Чацкий видел огонь великого пожара. Пожар Москвы сравнивал Байрон с пожаром революции. Чацкий непонятен без Отечественной войны. Русский великий XIX век в литературе выращен подвигами двенадцатого года.

Тынянов выплывал из тумана полузабытья.

Он возвращался, он заговорил о Платове, Дорохове, Пушкине, Кутузове.

Золотом ритма сохраненные цитаты потекли в старой манере старинного тыняновского чтения.

Друг возвращался. Так Одиссей у порога преисподней возвращал души мертвых к сознанию, дав отведать духам священной жертвенной крови.

Тынянов говорил о войне, о родине, о Грузии и полях Псковщины.

Он умер в Москве и похоронен на Ваганьковском кладбище под черным деревом. Дерево раздвоено, один ствол наклонен, как рея.

На снежной палубе лежит Тынянов.

САШКО ДОВЖЕНКО

В 1930 году пришел ко мне в заросший травой Александровский переулок, что в Марьиной Роще, Александр Петрович Довженко.

Он уже седел, но был строен и двигался легко.

По булыжнику стучали кованые колеса ломовиков. Зимой он тишел от снега. Переулок был весь из скучных деревянных двухэтажных домов. На каждом две трубы: одна не дымит.

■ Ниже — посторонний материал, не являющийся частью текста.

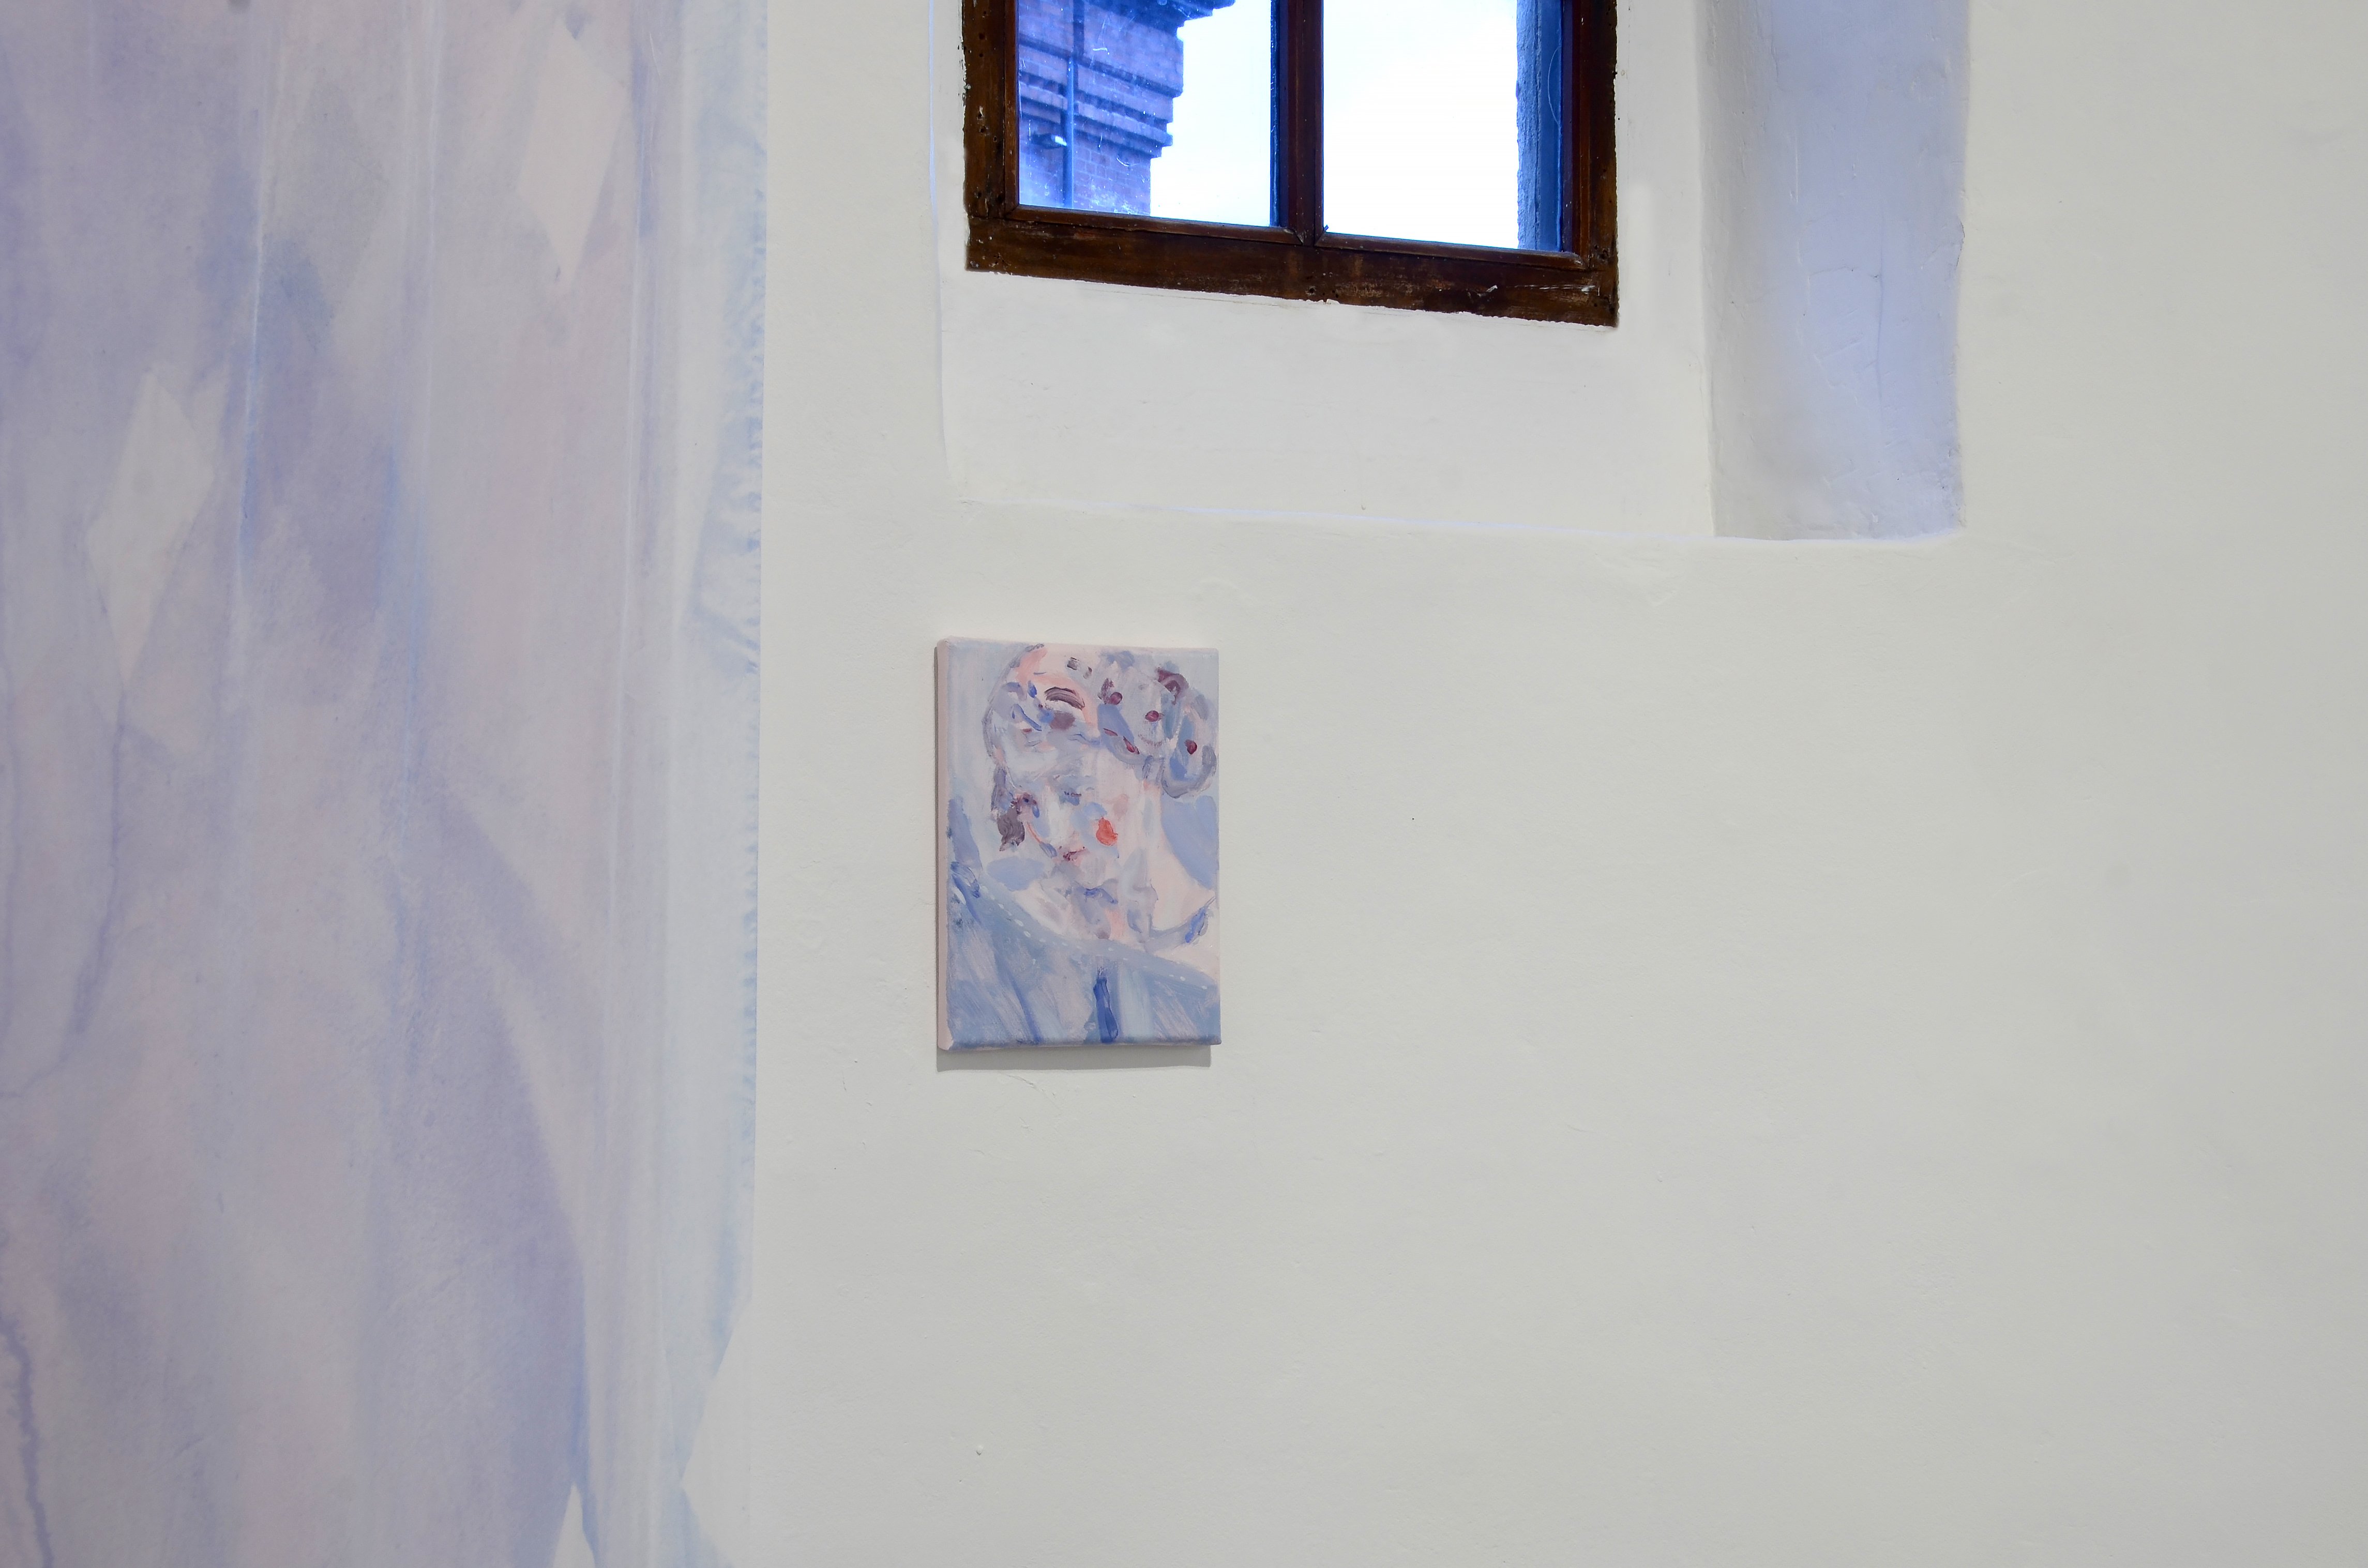 Come fail at love exhibition by Casper White. Image includes a silk veil that falls from ceiling to floor and a painting of a Neapolitan creche figure from The Met Museum

Было лето. Был вечер. Колеса стихли.

Мы пили белое вино из зеленой сулеи и закусывали вино хлебом и зеленым луком.

Говорили о тракторах, о картине "Земля", Демьяне Бедном, о цветах и песнях. Мы не пьянели.

Утро не торопилось настать.

По переулку на тихих дутиках ехали с работы домой в Марьину Рощу последние лихачи.

Проходили мимо окна рысаки широкоусталым шагом.

- Лошадь меня раз ночью испугала... Послал меня батько в поле за нашим белым конягой. Ночь лунная, но туман. Конягу нашел: белеет в тумане. Обротал веревкой. Еду на нем верхом. А конь все оборачивается на меня. Зубы скалит, как будто и сердится и смеется. Зубы при луне как в белых искрах. Очень страшно.

Приехал к хате... Батько ругается: это я чужую лошадь взял, и она на меня удивлялась... Вот и весь страх,

- Узнала тебя чужая лошадь?

- Думаю, узнала... Не кусалась, не сбрасывала, только сердилась. В селе все друг друга знали хорошо.

Сашко любил города, но больше всего любил землю, по которой ходил в детстве босиком, а потом ощупал трудовыми руками У него для людей были свои гордые и ласковые планы.